?
Исследование устойчивости к аномальным наблюдениям модификаций метода главных компонент
The paper considers the problem of reducing multidimensional
correlated indicators. One of the approaches
to solving this problem is based on the method of principal
components, which makes it possible to compactly
describe the vector with correlated coordinates (components)
using the principal components vector with
uncorrelated coordinates of much smaller dimension,
while retaining most of the information about correlation
structure of the original vector. On simulated and
real data, several modifications of the principal components
method were compared differing in the method
of evaluating correlation matrix of the observation
vector. The work objective is to demonstrate advantages
of the robust modifications of the principal components
method in cases, where data contained the abnormal values. To compare the considered modifications on the
model data, metric was introduced that measured the
difference between estimated and true eigenvalues
of the initial data correlation matrix.
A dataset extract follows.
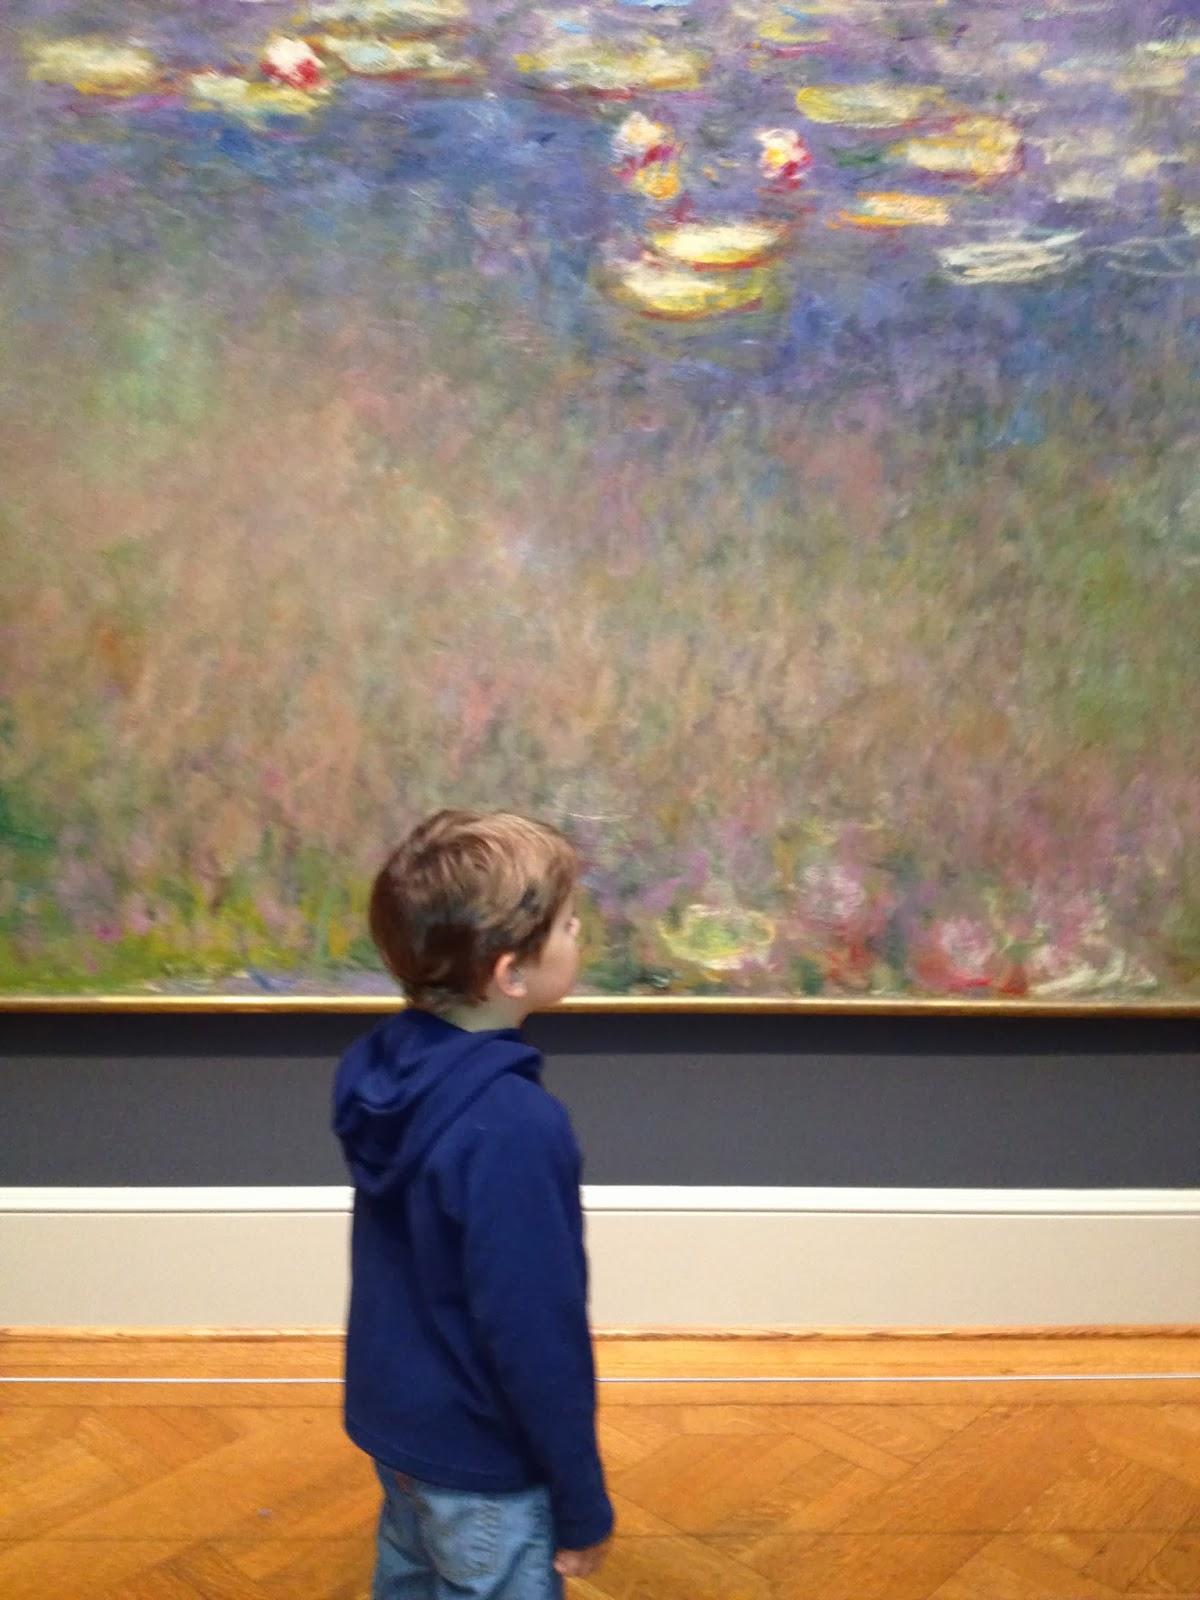 St. Louis Art Museum for Kids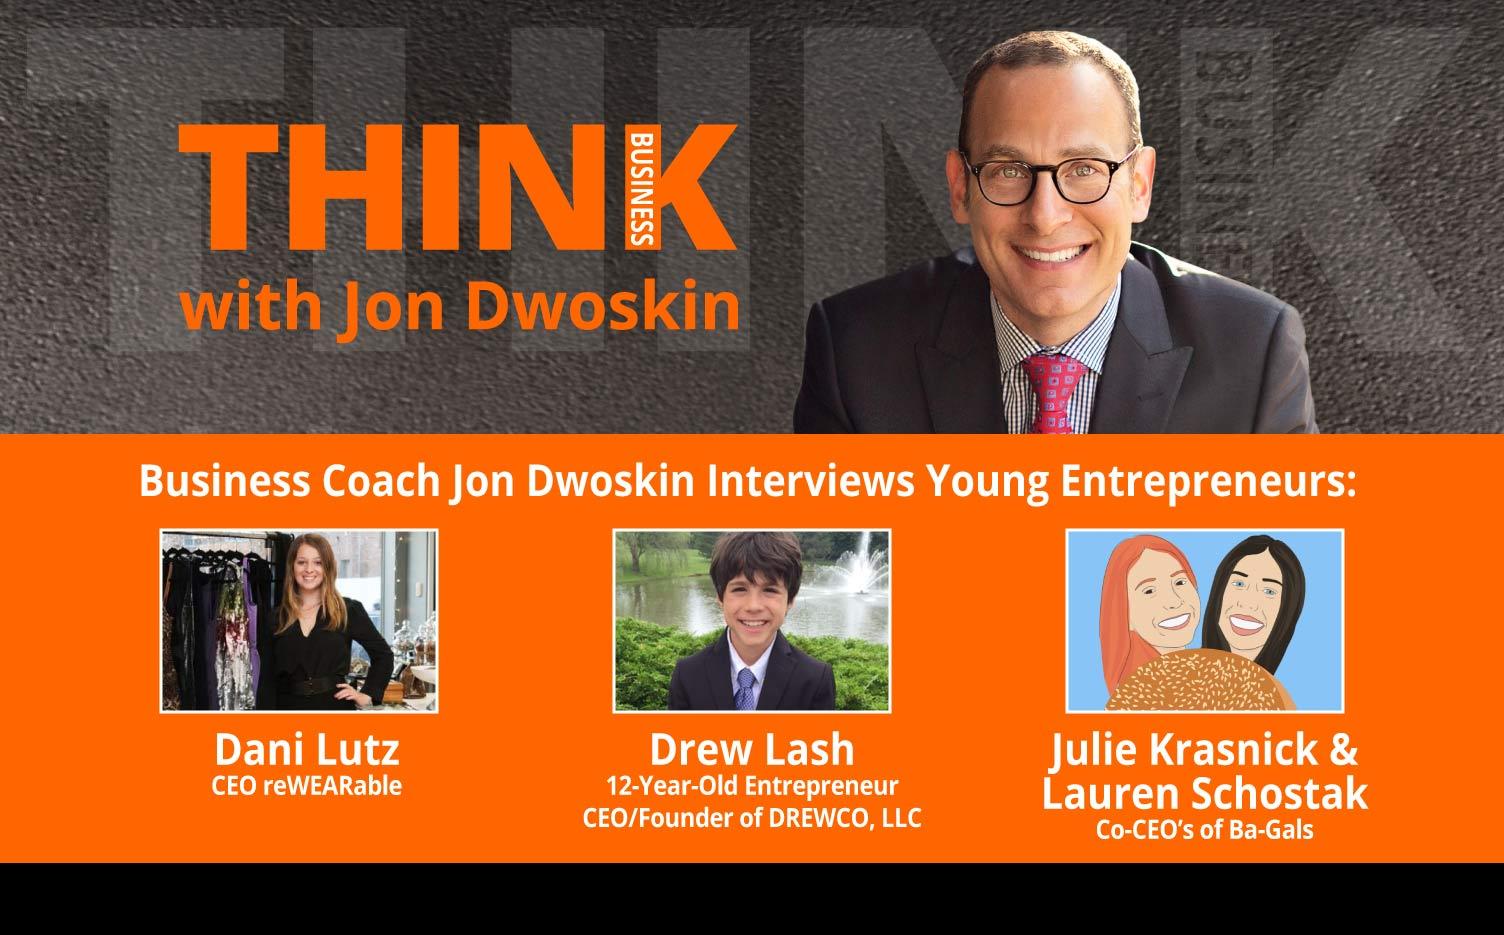 THINK Business Podcast: Jon Dwoskin Interviews Young Entrepreneurs: Dani Lutz, Drew Lash, Julie Krasnick and Lauren Schostak

This metric behavior
depending on the probability distribution of observations
was studied by computer simulation. As the
distributions, multivariate distributions with the offdiagonal
correlation matrices simulating a polluted
sample were selected. Next, a sample of 13 correlated
socioeconomic indicators for 85 countries was considered,
where 46 abnormal values were identified. The
considered modifications of the principal components
method chose the same optimal number of principal
components equal to three. However, the real data
compression quality, which was defined as the share
of the initial indicators total variance described by the
first three principal components, turned out to be significantly
higher for the robust modifications of the
principal components method. Results obtained
on these real data are in good agreement with conclusions
of the computer simulation